Giant worms may have hidden beneath the ancient seafloor to ambush prey

Trace fossils may be evidence of predatory behavior similar to modern bobbit worms

illustration of ancient bobbit worms

Like modern bobbit worms, ancient worms may have dug holes in the seafloor to lie in wait before attacking prey (illustrated), a new study suggests.

Y-Y. Pan et al./Scientific Reports 2021

Around 20 million years ago, giant ocean worms may have burrowed into the seafloor and burst forth like the space slug from Star Wars to ambush unsuspecting fish.

Ancient underground lairs left behind by these animals appear in rocks from coastal Taiwan. Researchers report this January 21 in Scientific Reports. The diggers may have been analogs of modern bobbit worms (Eunice aphroditois). Those worms are known for burying themselves in sand to surprise and strike their prey.

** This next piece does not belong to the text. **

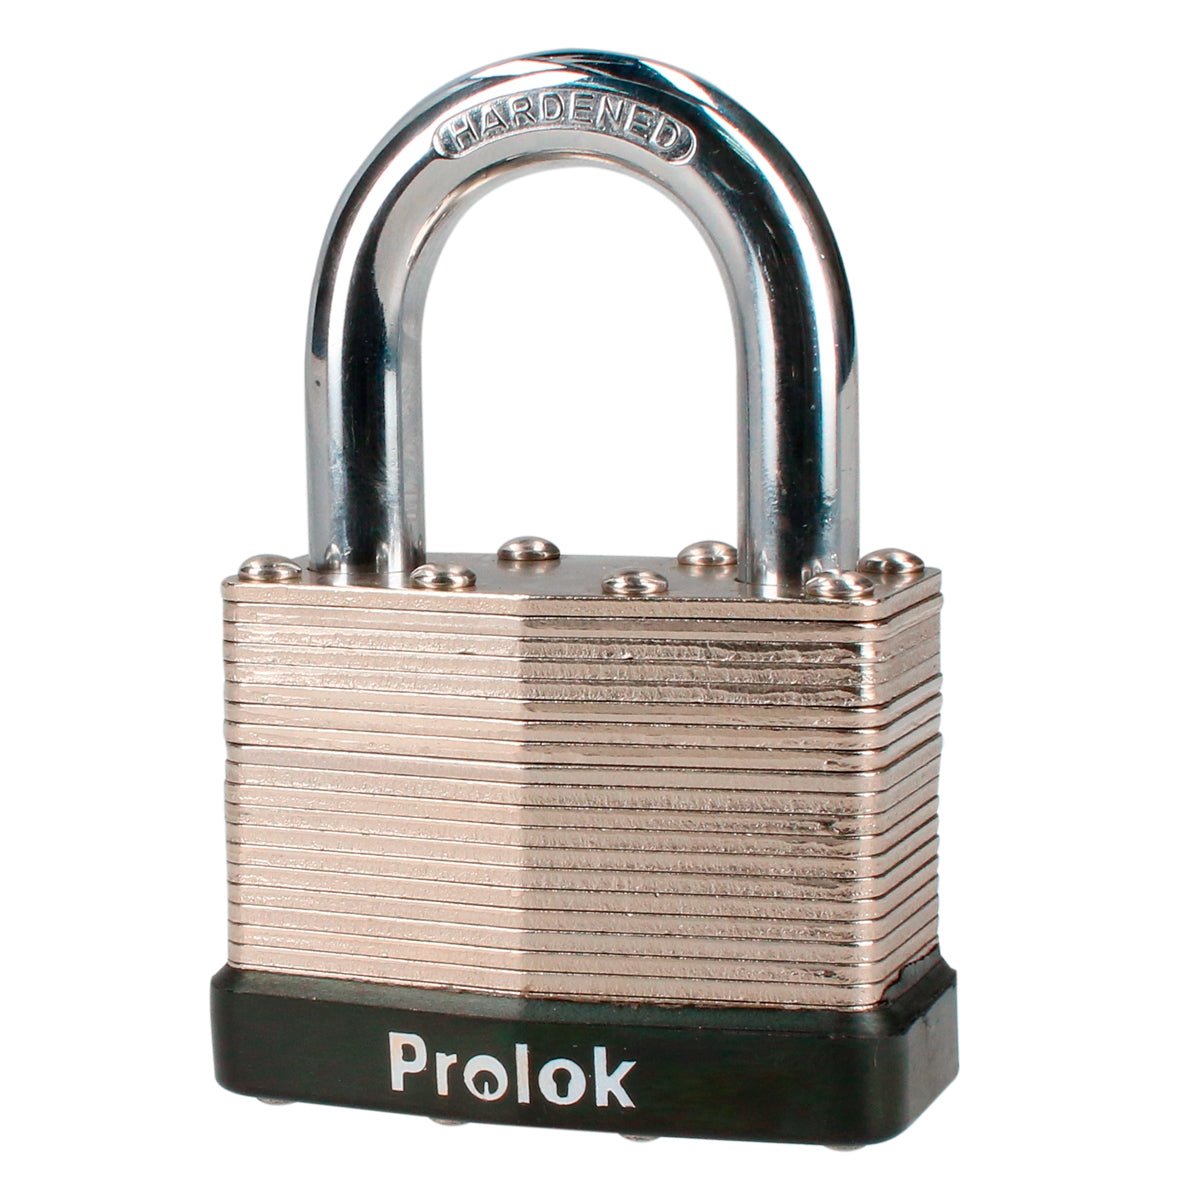 Candado laminado corto, llave estándar Prolok - FERRETERÍA WITZI

The burrows are trace fossils. This type of fossil includes things such as footprints and fossilized poop. They provide evidence of animal activity preserved in the geologic record. The newly reported fossils were first spotted in 2013. Masakazu Nara found them at Taiwan’s Badouzi promontory. Nara is a paleontologist at Kochi University in Japan. More of these fossils turned up later amid the otherworldly rock structures of Yehliu geopark. This is a popular tourist attraction in Taiwan. It was once a shallow ocean ecosystem 20 million to 22 million years ago.

From 319 fossil specimens, the team was able to reconstruct the burrows. The animals drilled L-shaped paths into the seafloor. The burrow had a funnel structure at the top. This structure looks like a feather in vertical cross sections. The burrows were about 2 meters (6.5 feet) long and 2 to 3 centimeters (about an inch) wide.

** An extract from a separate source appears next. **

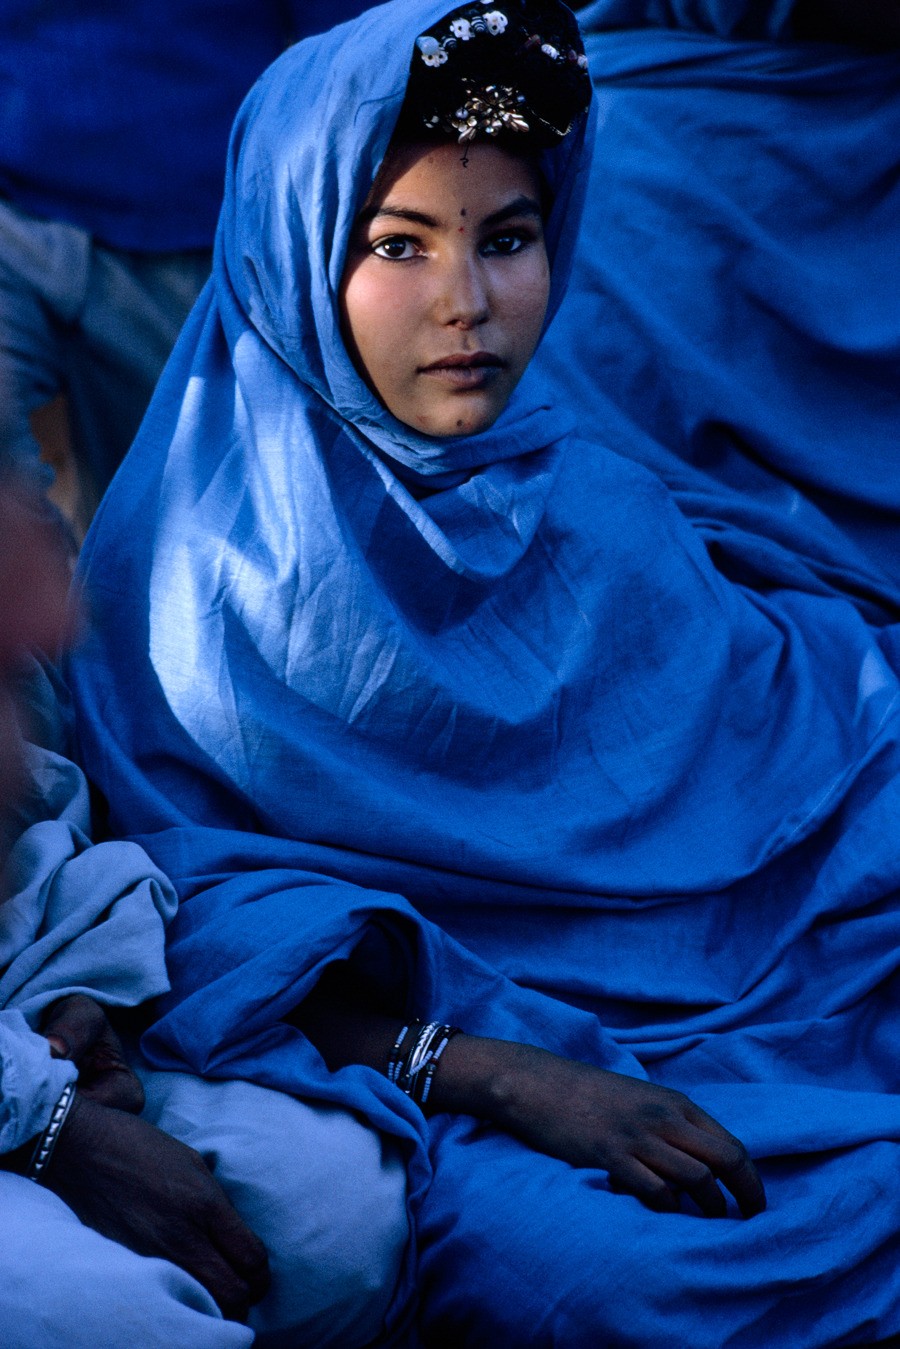 Женщина из кочевого племени в Алжире, 1967. Фотограф Джонатан Блэр

Fossilized Pennichnus formosae burrow
Fossilized Pennichnus formosae burrows (one lower section pictured) were L-shaped probably because worms needed to stay close to the seafloor surface, where there would have been more oxygen available to breathe.Yu-Yen Pan

“Compared to other trace fossils, which are usually only a few tens of centimeters long, this trace fossil was huge,” says Yu-Yen Pan. She is a geologist at Simon Fraser University in Burnaby, Canada, and co-authored the study. She dubbed the trace fossil Pennichnus formosae. The name combines the Latin words for feather, footprint and beautiful.

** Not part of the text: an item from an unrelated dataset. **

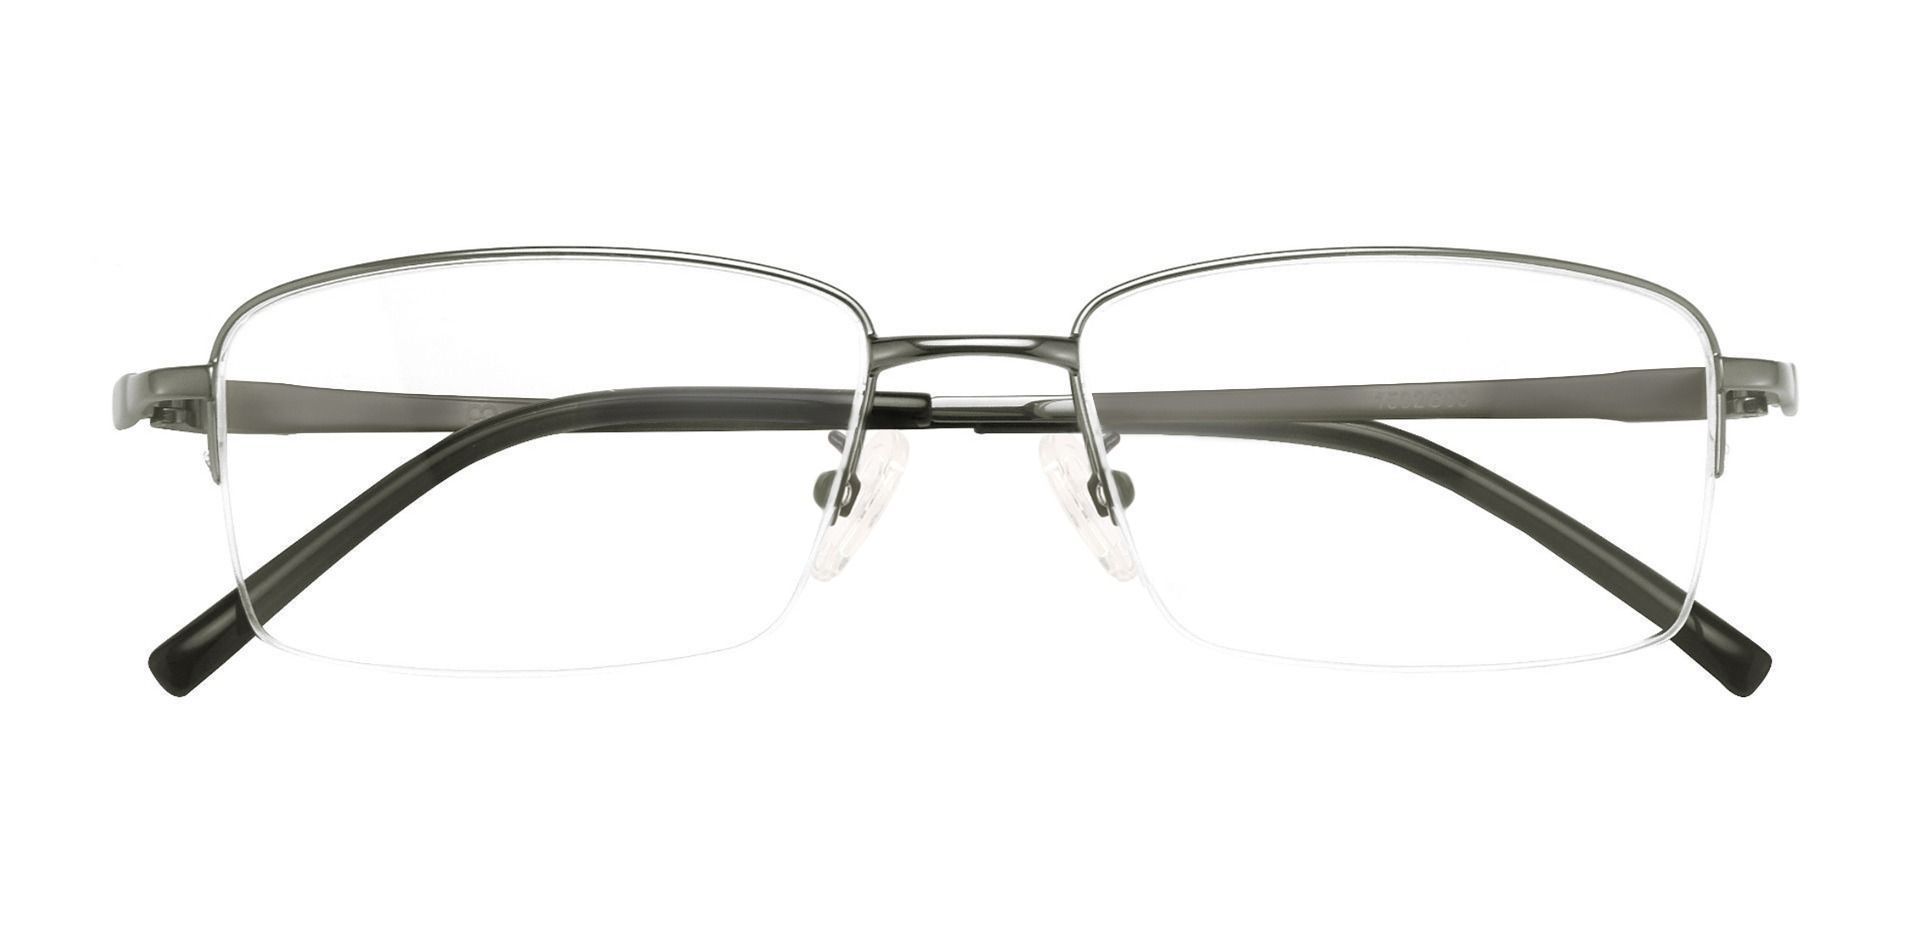 Friar Rectangle Eyeglasses Frame - Gray

The tunnels were most likely dug by some kind of giant worm, the researchers conclude. The tunnels lacked the hallmark pellets lining tunnels made by crustaceans. And they had smoother linings than bivalve tunnels. Iron deposits along the inside suggest the digger must have been long and slender. It probably used mucus to reinforce the walls. Funneling at the top of the burrow also points to the ancient worm emerging from its hideout, retreating and then rebuilding the top sections over and over again.

“These [funnels] suggest that the worm repeatedly dragged its prey down into the sediment,” says Ludvig Löwemark. This study coauthor is a geoscientist at National Taiwan University in Taipei.

Modern family?

These hunting tactics are consistent with those of modern bobbit worms. Those worms conceal their 3-meter-long bodies in sand. They surge forth to grab unsuspecting prey with scissor-like teeth. The oldest evidence of bobbit worms comes from the early Paleozoic Era. That’s around 400 million years ago. How or if the ancient worms relate to bobbit worms, however, is not known.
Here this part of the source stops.